Your task:
Look through the data below for the line with "Veliko logotipov priljubljenih aplikacij" and the line with "Service d'assistance téléphonique", then transcribe exactly from the first through the second, leaving out all pictures.

Data under study:
((

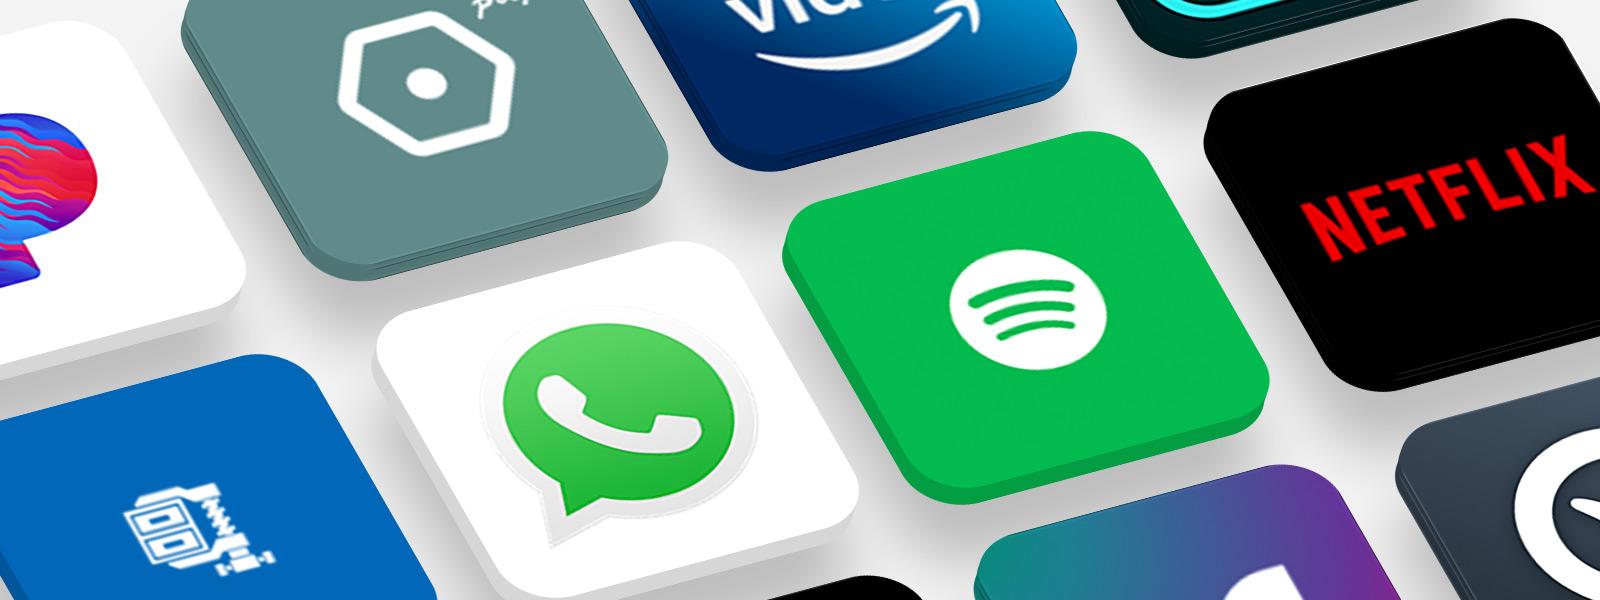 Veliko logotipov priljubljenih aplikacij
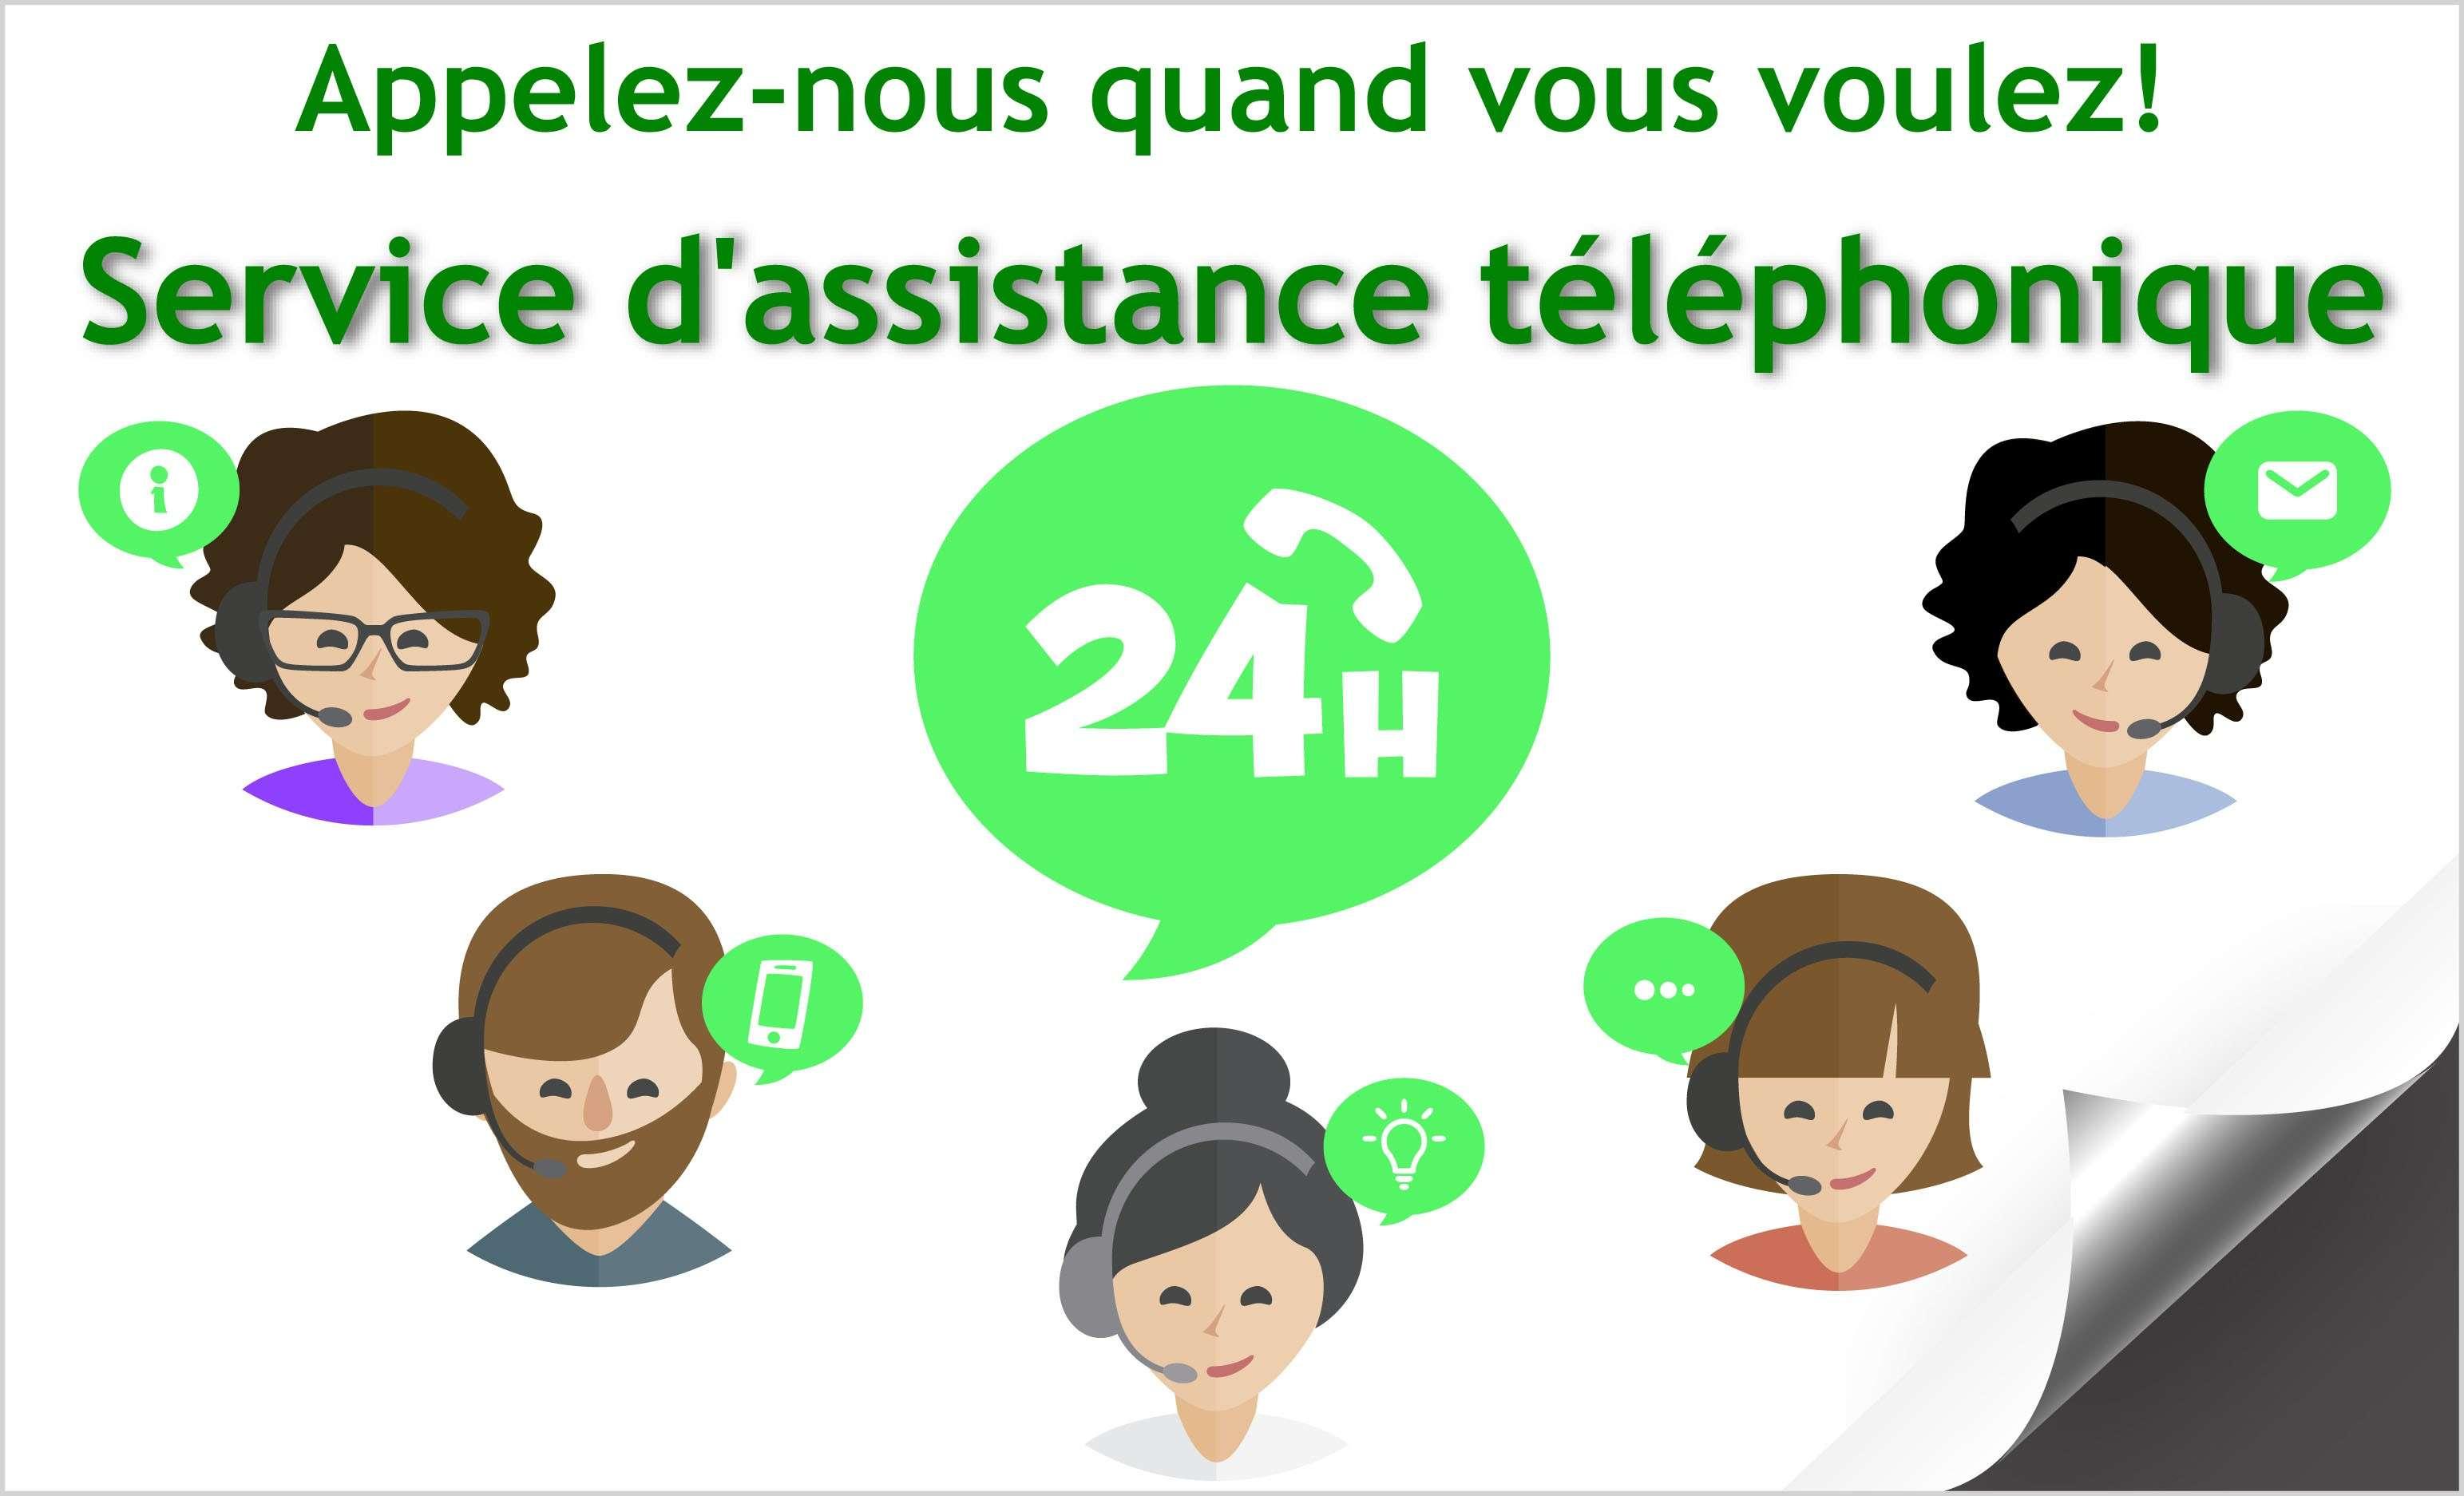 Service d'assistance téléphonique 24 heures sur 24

))
((

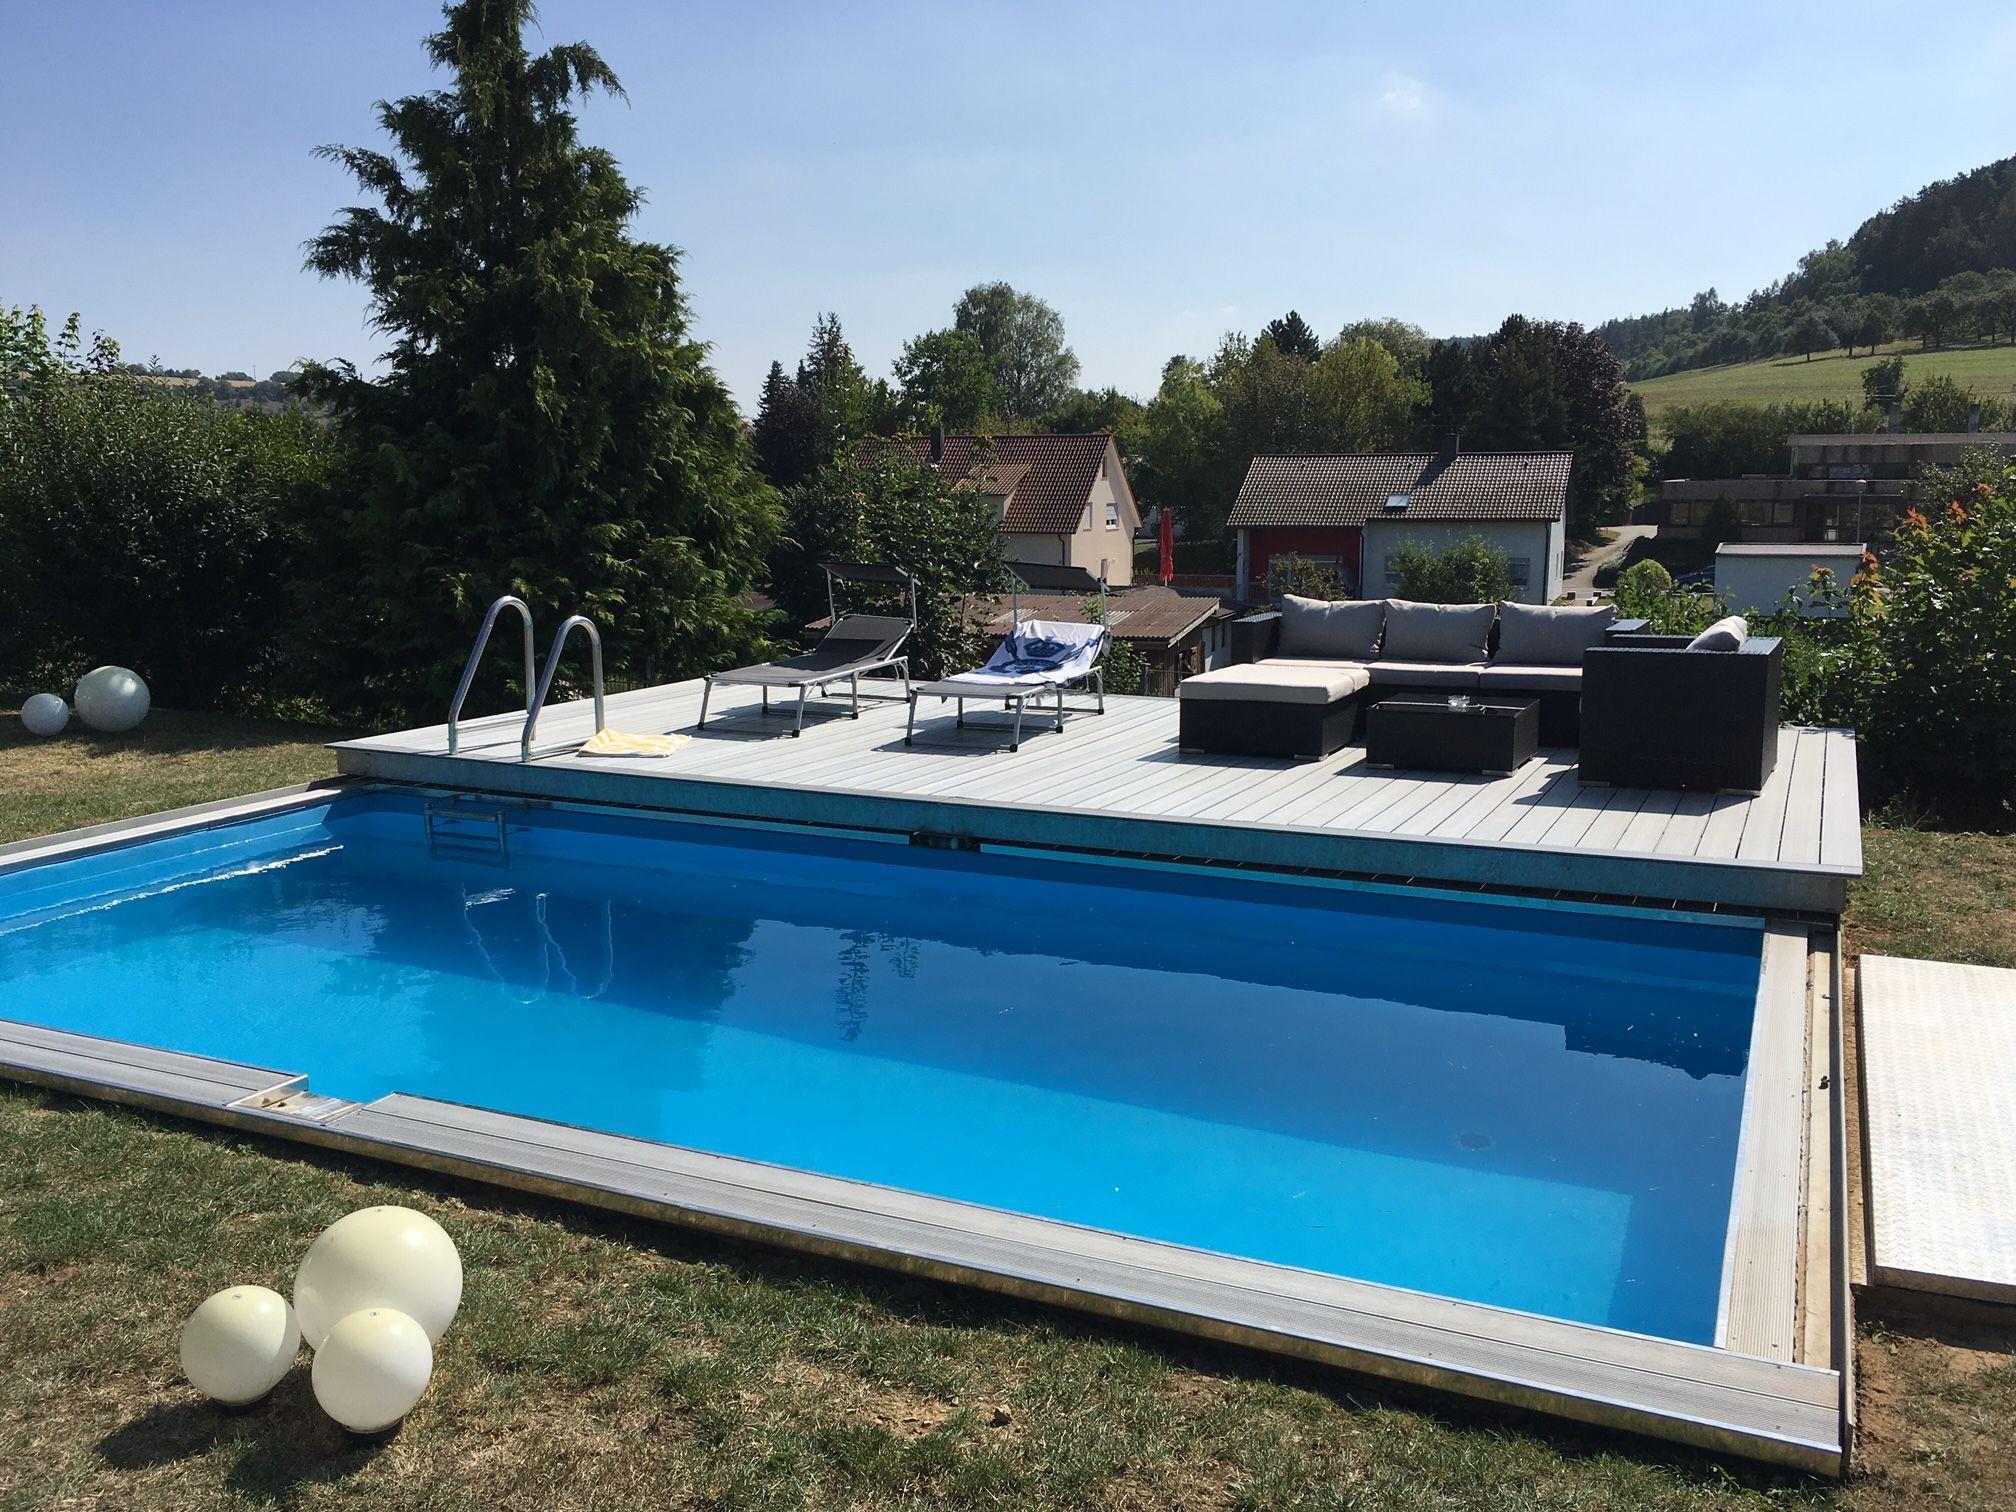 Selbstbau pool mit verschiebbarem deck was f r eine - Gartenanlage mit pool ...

))

Answer to this exercise:
 Veliko logotipov priljubljenih aplikacij
 Service d'assistance téléphonique 24 heures sur 24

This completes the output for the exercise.